While ancient legends took place in castles or convents and their heroes were knights on horses, contemporary legends reflect modern-day society. They take place in public transport, dormitories or offices, and they usually happen to friends of friends. However, the essence of the legends has remained more or less unchanged over the years. They typically contain an element of fear, horror, mystery or humour. Interestingly, the most ancient motives survive thanks to children.

“The tales told by small children at summer camps and schools use motives typical for very old fairy tales, myths and legends. Urban legends narrated by adults are modern. But children’s legends are about vampires, werewolves, skeletons, which is typical for the ancient folklore. Actually many stories collected in Czech Republic, Europe and the U.S. narrated by children are very old; centuries old. We have stories that have been recorded in Middle Ages.”

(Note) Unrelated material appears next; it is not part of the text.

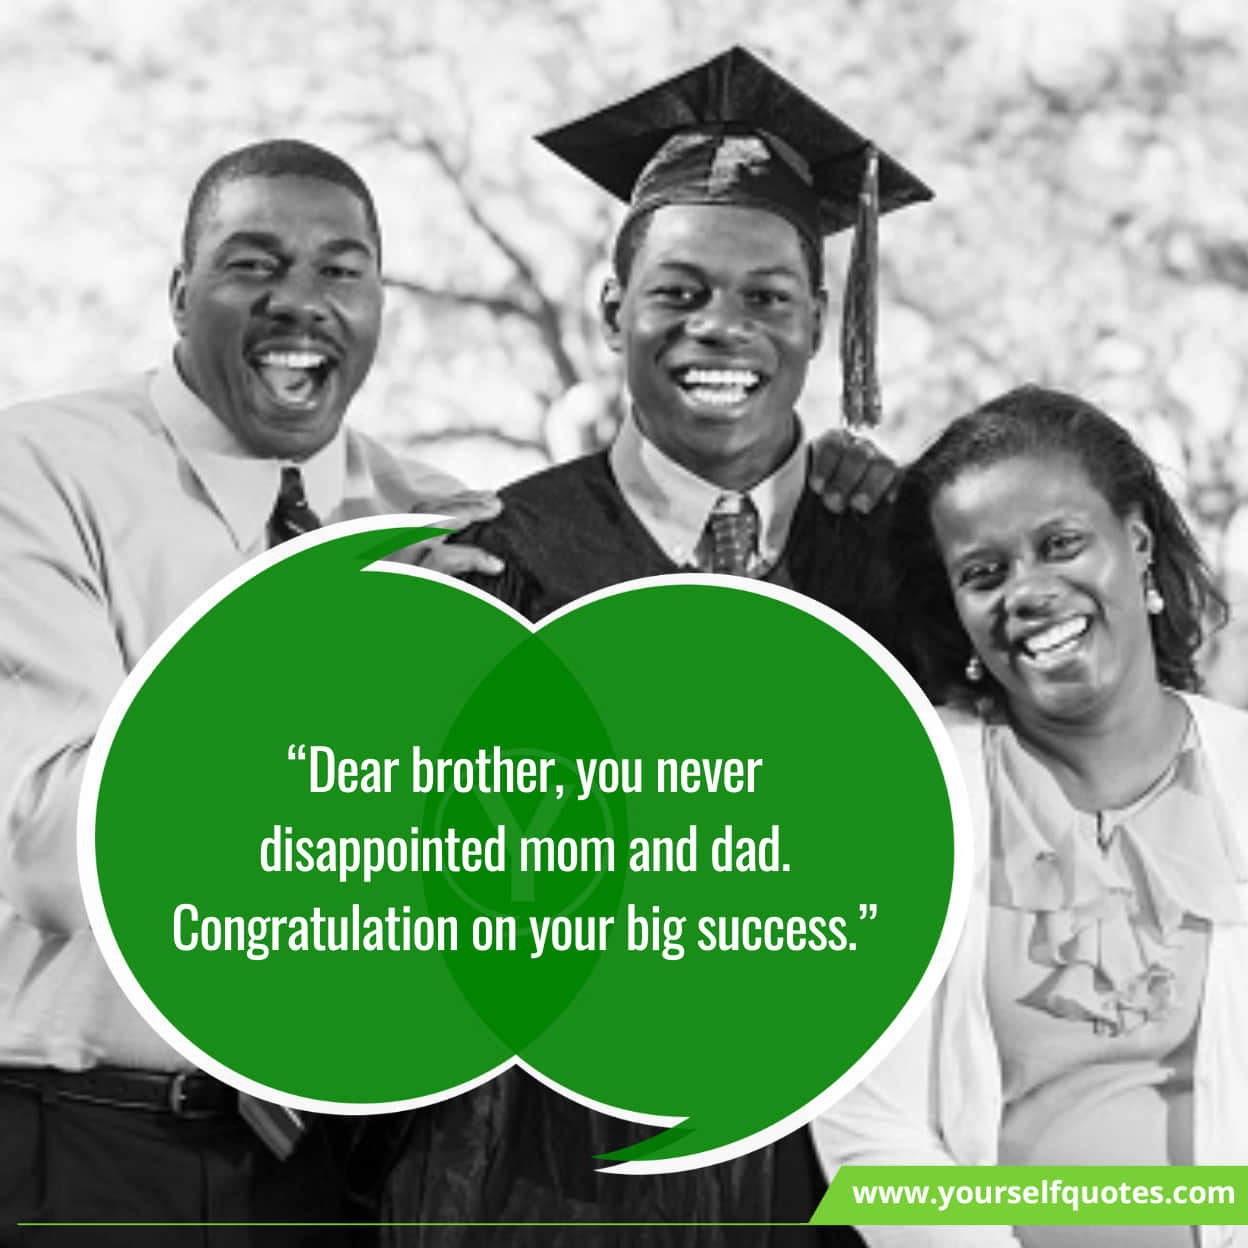 Wishes To Send To Brother On Graduation

One of the aims of ethnographers is to trace how individual myths came into being. However, there are only very few myths where they actually discovered the original source. They also study how myths are passed among people and what features they need to survive in the oral tradition. Petr Janecek says that so far, they have not quite grasped the essence of a successful myth:

“We have some urban legends that were invented by the folklorists, psychologists and sociologists, to trace the oral tradition, to trace how the story was spread, but none of them had lived for long. The collective oral tradition somehow recognizes the artificial urban legend.”

Since people all over the world essentially deal with the same issues, there are only a few myths restricted to a single place or period of time. One of the few exceptions is the legend of a mysterious spring-heeled fighter against the Nazis.

“The Perak or Springman of Prague is a very interesting legend. It was widespread in the Protectorate of Bohemia and Moravia during the Nazi occupation. Perak was some kind of a national hero. You have old national heroes, like knights in the Blanik Hill or Janosik in Slovakia. You can compare Perak to Captain America, Superman or Spiderman, but there is a big difference. The superheroes like Captain America were invented by someone but Perak or Sprigman originated in oral tradition. People invented this mystical fighter against the Nazis. It was a widespread legend and almost everyone during the war in Czechoslovakia heard about him.”

When I was a kid, in the 1980s, there was a Black Ambulance driving around Prague. It was kidnapping children and stealing their organs. Once I went from school late in the evening and a black car was following me. I though it was the Black Ambulance!

Another popular Czech legend is the Black Ambulance. The myth became so widespread in the 1980s Czechoslovakia that it had to be officially debunked on Czech television. The myth appeared in different variations in the whole Soviet Block. Polish children, for instance, were threatened by a Black Volga car.

“It’s hard to say if for example Czechoslovak urban legends are specific. I think they are very similar to the Polish and Hungarian ones. But there are some local differences. For example Czechoslovak urban legends from the communist era are more comical. Czechs liked to joke about party members, executives and policemen. Polish legends are grim.”

As Petr Janecek points out, democracy is not an ideal environment for the emergence of new legends. Contemporary Czech myths resemble more and more the global repertoire. It is an unquestionable sign that Czechs are more or less satisfied and they don’t have any serious political or economic problems to deal with.

My colleague told me a story that he heard from his friend, who works as a computer specialist in a big company. Sometimes the employees drive him mad. One of them called him the other day complaining that his coffee holder was broken, asking if he could come and fix it. My colleague’s friend didn’t understand what he was talking about so in the end he went to have a look. The man wanted him to repair his CD drive but he thought it was a coffee holder!